Please let me know if this is a duplicate. I couldn't find any related questions so far.
In my class, we often find the branch cut of $f(z) = z^k$ by equating the function to $f(z) = e^{Log(z^k)} = e^{kLog(z)}$.
An example can be seen here (prof's note):
However, we cannot say ${Log(z^k)} = {kLog(z)}$ (for example, take $Log_\pi ((-1)^2)$).
I've been trying to prove the equation $e^{Log_*(z^k)} = e^{kLog_*(z)} $ or to find the condition under which it holds.
Following is my unsuccessful proof so far:
Let $z = re^{i\theta}, r\in \mathbb{R}/\mathbb{R^-}, \theta \in \mathbb{R}$.
Hence, $z^k = r^ke^{ik\theta}$
$Log_\pi (z^k) = \ln|r^ke^{ik\theta}| + iArg_\pi(r^ke^{ik\theta})$
$kLog_\pi (z) = k\left(\ln|re^{i\theta}| + iArg_\pi(re^{i\theta})\right) =k\ln (r) + ikArg_\pi(re^{i\theta}) $
Rasing $e$ to each power:
$e^{Log_\pi (z^k)} = e^{\ln|r^ke^{ik\theta}| + iArg_\pi(r^ke^{ik\theta})} = |r^ke^{ik\theta}|\cdot e^{iArg_\pi(r^ke^{ik\theta})}$
$e^{kLog_\pi (z)} = e^{k\ln (r) + ikArg_\pi(re^{i\theta})} = r^k \cdot e^{ikArg_\pi(re^{i\theta})} =r^k \cdot e^{ik\theta'}$ where $\theta + 2\pi n =\theta'\in(\pi, 3\pi], n\in \mathbb{Z}$
I don't know how to go from here. Can somebody please help?
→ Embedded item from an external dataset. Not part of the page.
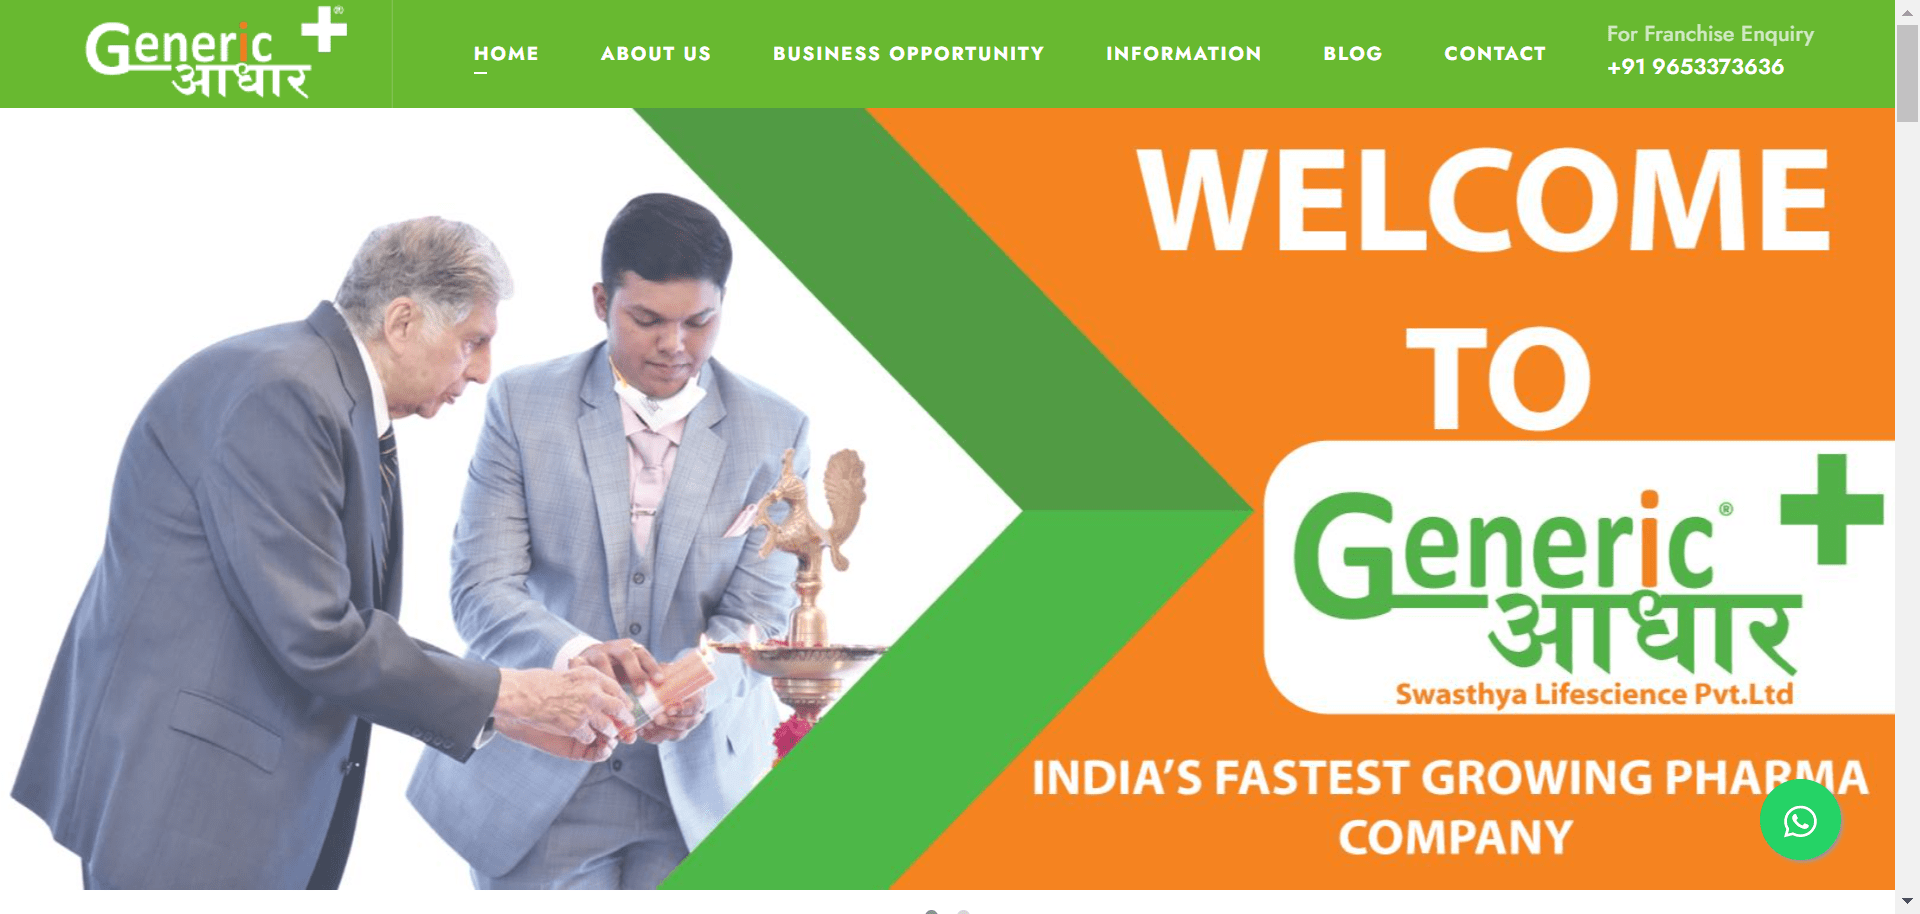 Generic Aadhaar website development company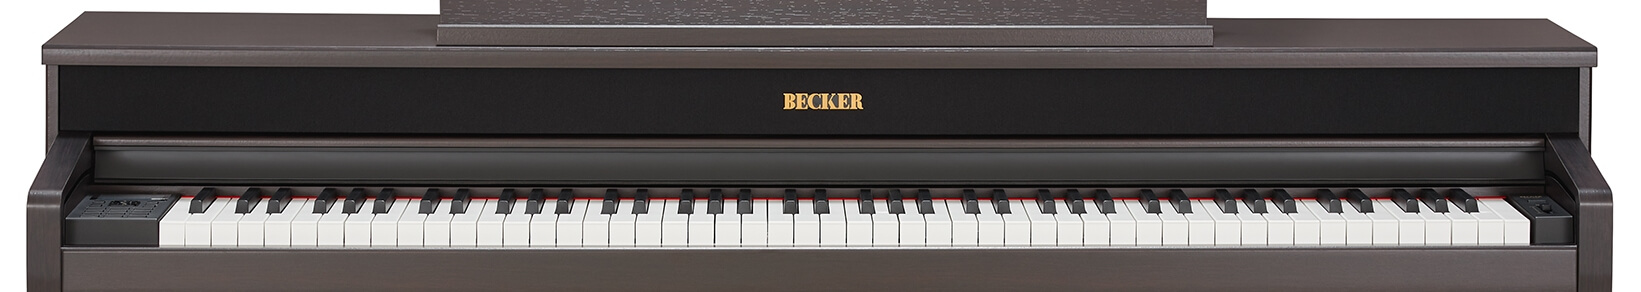 Becker BAP-72R

Or can you just tell me under what condition the equation in title holds?
Edit: I asked my prof the same and his reply was:
This is almost never true. It is true only if $k$ is an integer and you use $log$ instead of $Log$. It is also true that the functions $αLog(z)$ and $Log(zα)$ differ by a constant.
But how did he conclude $(-i)^{i-1} = e^{(i-1)Log(-1)}$ like in his note above?
We often define the complex exponential [subject to the choice of branch, and using your collection of branches,] by $$z^w := \exp(w\operatorname{Log}_bz)$$ and as the definition of $\operatorname{Log}_b$, we also always have $z = \exp(\operatorname{Log}_bz)$. When you put those two properties together, you have for any complex $z,w$ (with $z$ nonzero), $$\exp(w\operatorname{Log}_bz) := z^w = \exp(\operatorname{Log}_b(z^w)).$$
When $w$ is an integer, this will be consistent with the algebraic definition since a integral multiple of an integral multiple of $2\pi$ will be an integral multiple of $2\pi$.
When $z>0$ and $w$ are real, then you need to choose the principal branch to find a consistent result to real exponentiation.
With the above definition in mind, the equation in your professor's notes, $$(-i)^{i-1} = e^{(i-1)\operatorname{Log}_b(-i)},$$ is just a trivial application of the definition of complex exponentiation.